Sir Simon Rattle has often opted to preface his performances of the great edifices of the Austro-German symphonic repertoire with much shorter works. I remember him bringing the Berlin Philharmonic to London’s Royal Festival Hall six years ago and programming miniatures by Brahms and Wolf ahead of Mahler’s Third. On this occasion, though, it was new music that preceded Bruckner’s Eighth: the latest in the ‘Tapas-series’ Rattle and the orchestra have commissioned, none longer than six minutes, to spread around various programmes as unintimidating tasters of the contemporary scene.

Here it was up to Simon Holt’s Surcos to make a plucky bid for our attention ahead of Bruckner’s giant. The title translates as ‘furrows’ or ‘ruts’ and it was inspired by the poem Noviembre 1913 Antonio Machado (1875-1939), describing seeds cast into the soil ahead of winter asserting its grip. With its piercing sonorities, rocking between violins and high wind, we certainly got a sense of the high autumn sun, while the harp motifs wandering wonkily through textures further enriched by brass prods were suggestive of sowers going about their work.

Arresting flourishes, rhythmic disjunction and an almost Mahlerian sense of discombobulation were prevalent, the sinewy feel of the piece further brought out by the use of a clapper and the appearance of a briefly frantic viola solo. At one moment, the disparate musical strands seemed to bring themselves together into some sort of halting mechanical momentum. But they didn’t get very far, the piece ending with a desultory parp on the horn. A touch insubstantial – an inevitable drawback of an otherwise admirable commissioning strategy –Surcos is nevertheless effective, engaging curtain raiser, and an intriguing, easily digestible taster of Holt’s work.

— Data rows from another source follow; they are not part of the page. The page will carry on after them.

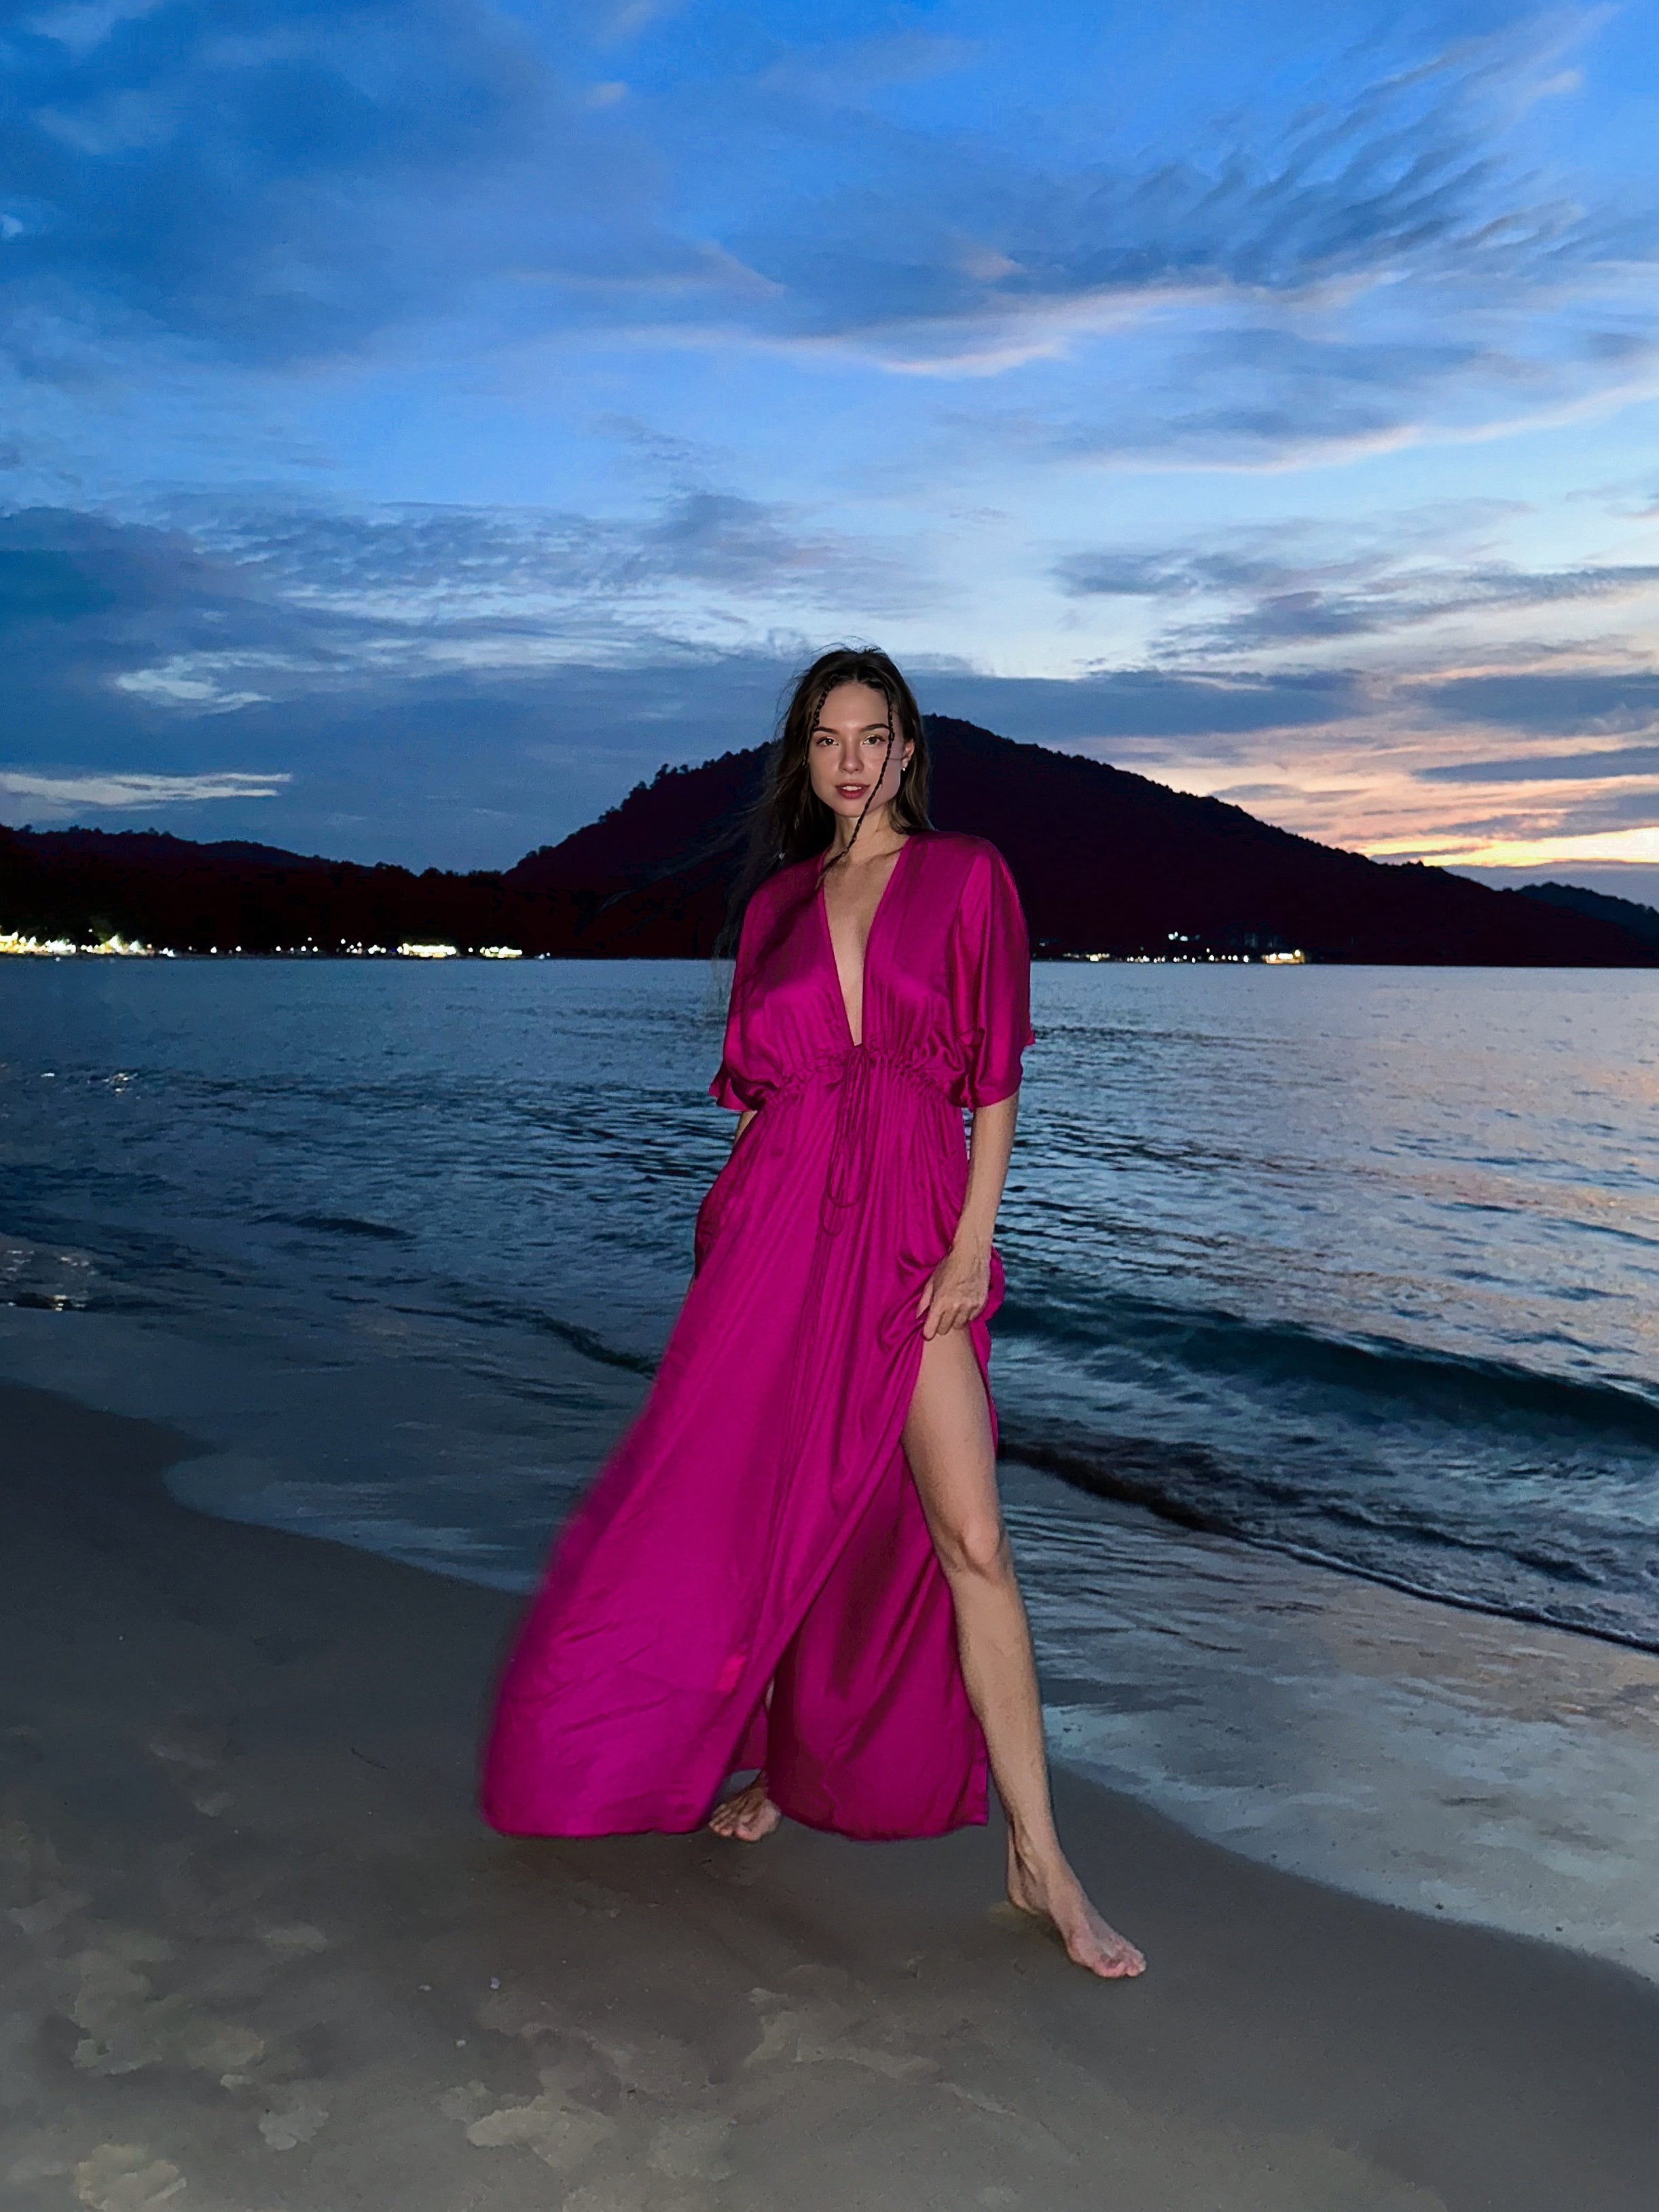 Shop Pink Kaftan Dress in limitless comfort and elegance with our Goddess Kaftan Maxi Dress Dyed fuchsia kaftan maxi dress. This fuchsia caftan maxi dress is the perfect vacation wear with Coco de Chom?
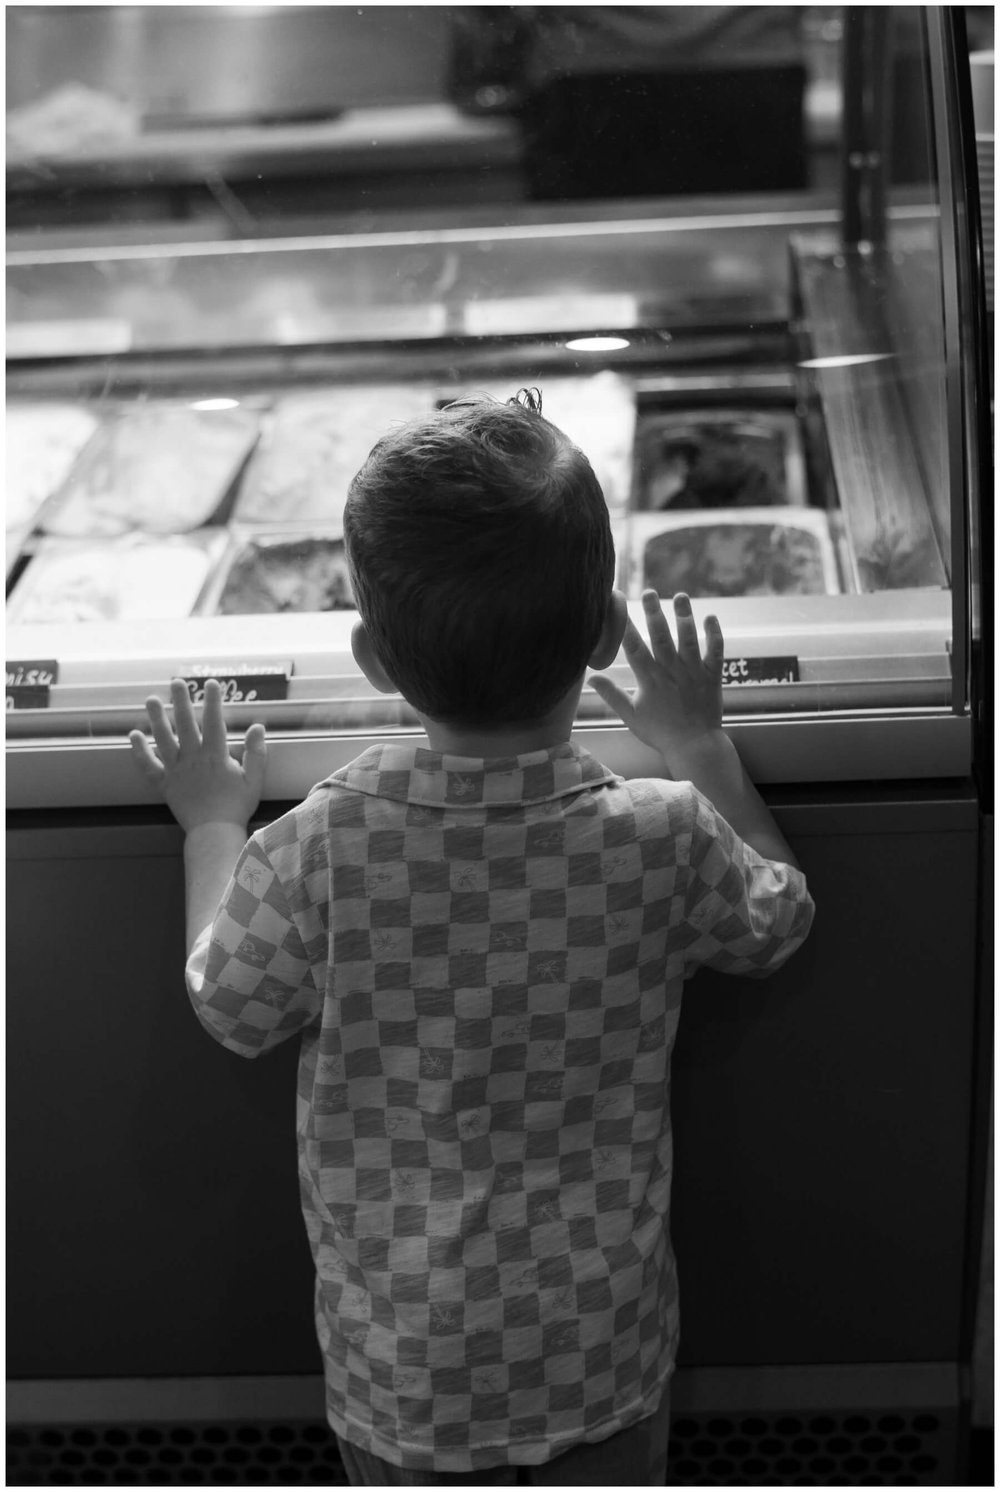 Boy standing with hands on glass looking at ice cream
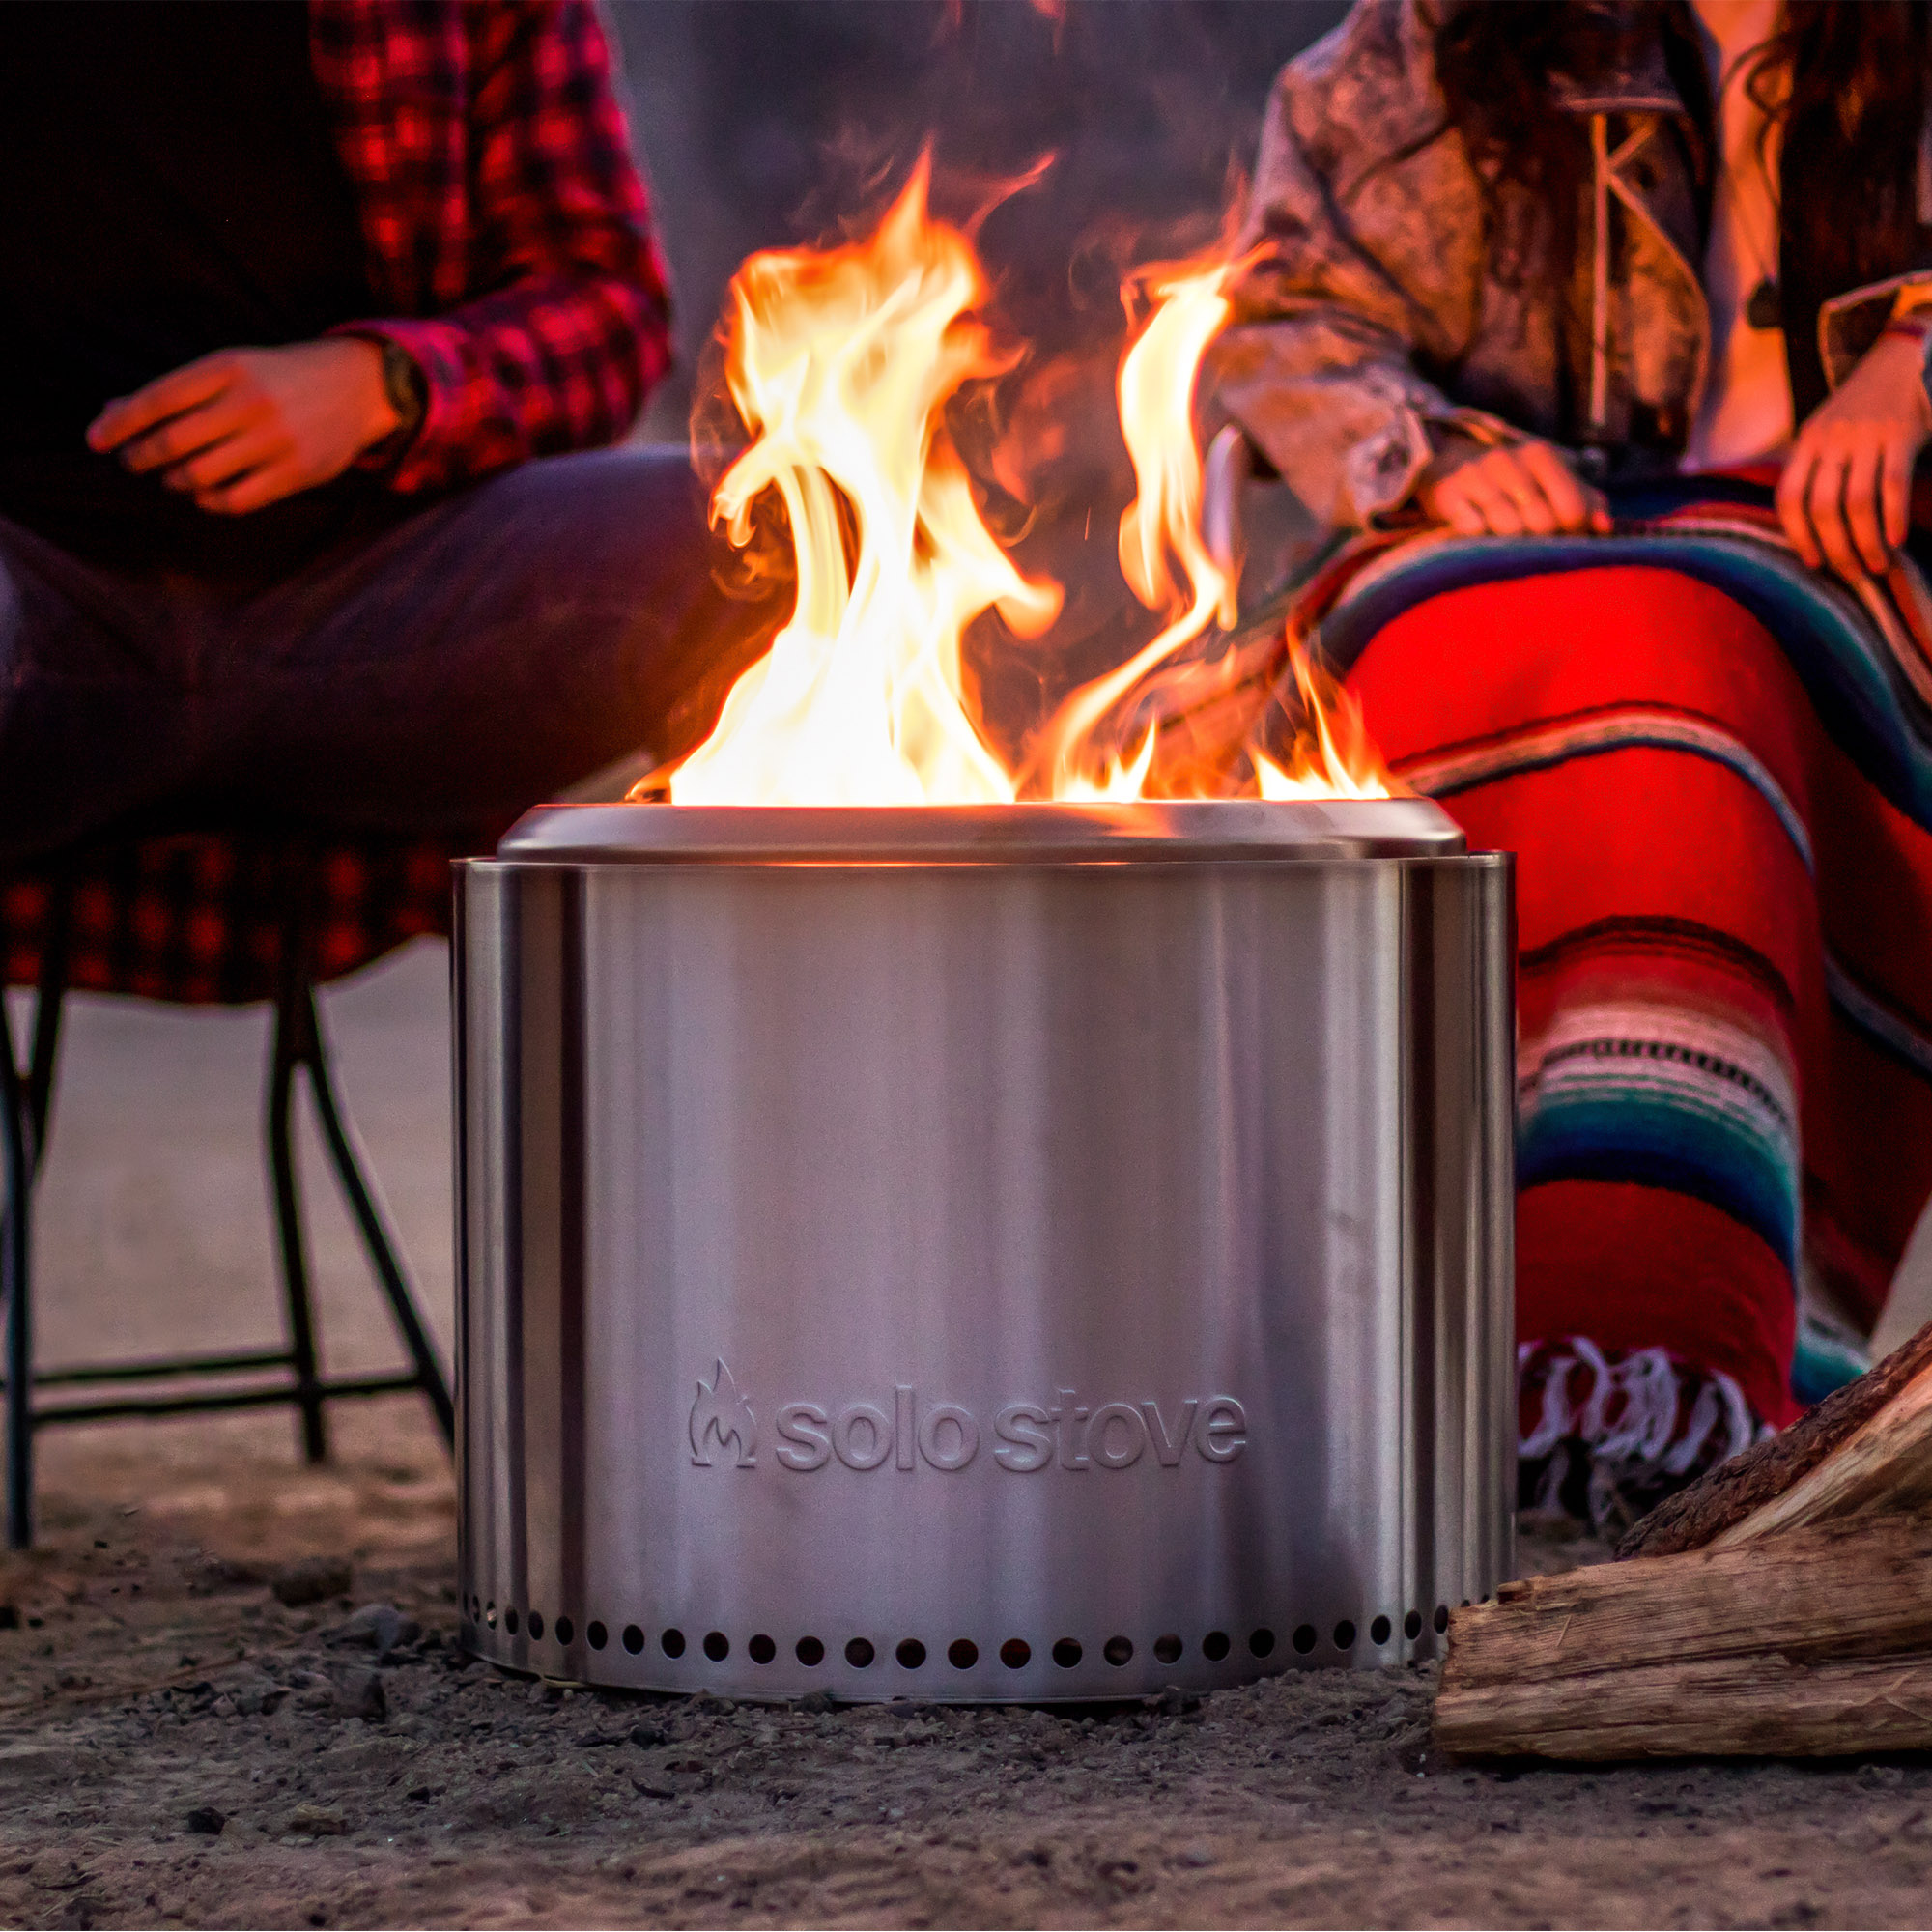 Solo Stove Announces the Fire Pit 2.0 - Easier Cleanup

Moving straight on to the main course (there was no interval), Rattle made it clear that he was going to serve up Bruckner’s grandest – and arguably greatest – symphony as lean and low fat. The tempos for the outer movements were swift, the textures clean, the opening movement an Allegro certainly less moderato than on many famous a Berlin recording. Its opening statement was imbued with an almost Haydnesque fleetness, and some of the wind passages later achieved a sort of Ländler-like jollity.

The Scherzo continued in the same vein, swift and sinewy, while the Cossacks seemed to ride in at the start of the finale on the paciest of thoroughbreds. Rattle allowed himself more time in the Adagio, in which he demonstrated considerable skill in tracing the movement’s long-scale trajectory, a grand sense of legato tying it all together.

This was a beautifully shaped and realised account of the score. But I couldn’t dispel niggling doubts about Rattle’s approach to this composer. There were still occasional hints of the fussiness that can mar the conductor’s work. The pointed semi-staccato of the earthy string chords after the Adagio’s big climax felt imposed, as did the super-hush he would occasionally insist on. The Trio, too, seemed over-romanticised.

The speeds made musical sense, and helped underline internal logic. But it was at the expense of the sense of patience that defines the greatest Bruckner performances, an impression emphasised, particularly in the opening movement, by the occasional speeding up. Here and in the finale I missed a sense of taking time to explore and express what lies deep behind the notes on the page, of harnessing the steady inexorable progress of the music’s undercurrents.

Throughout the whole performance, though, the playing was often sensationally good: the cushioned glow of the Wagner tubas against the shimmering strings in the Adagio, for example, the long lines of the wind, an incisive steely glint to the trumpet. Stefan Dohr offered the playing of one’s dreams in the horn solos. Certainly there are few orchestras one would rather here in this repertoire. I’m less sure, though, whether they and their Artistic Director currently offer the very best recipe for Brucknerian success.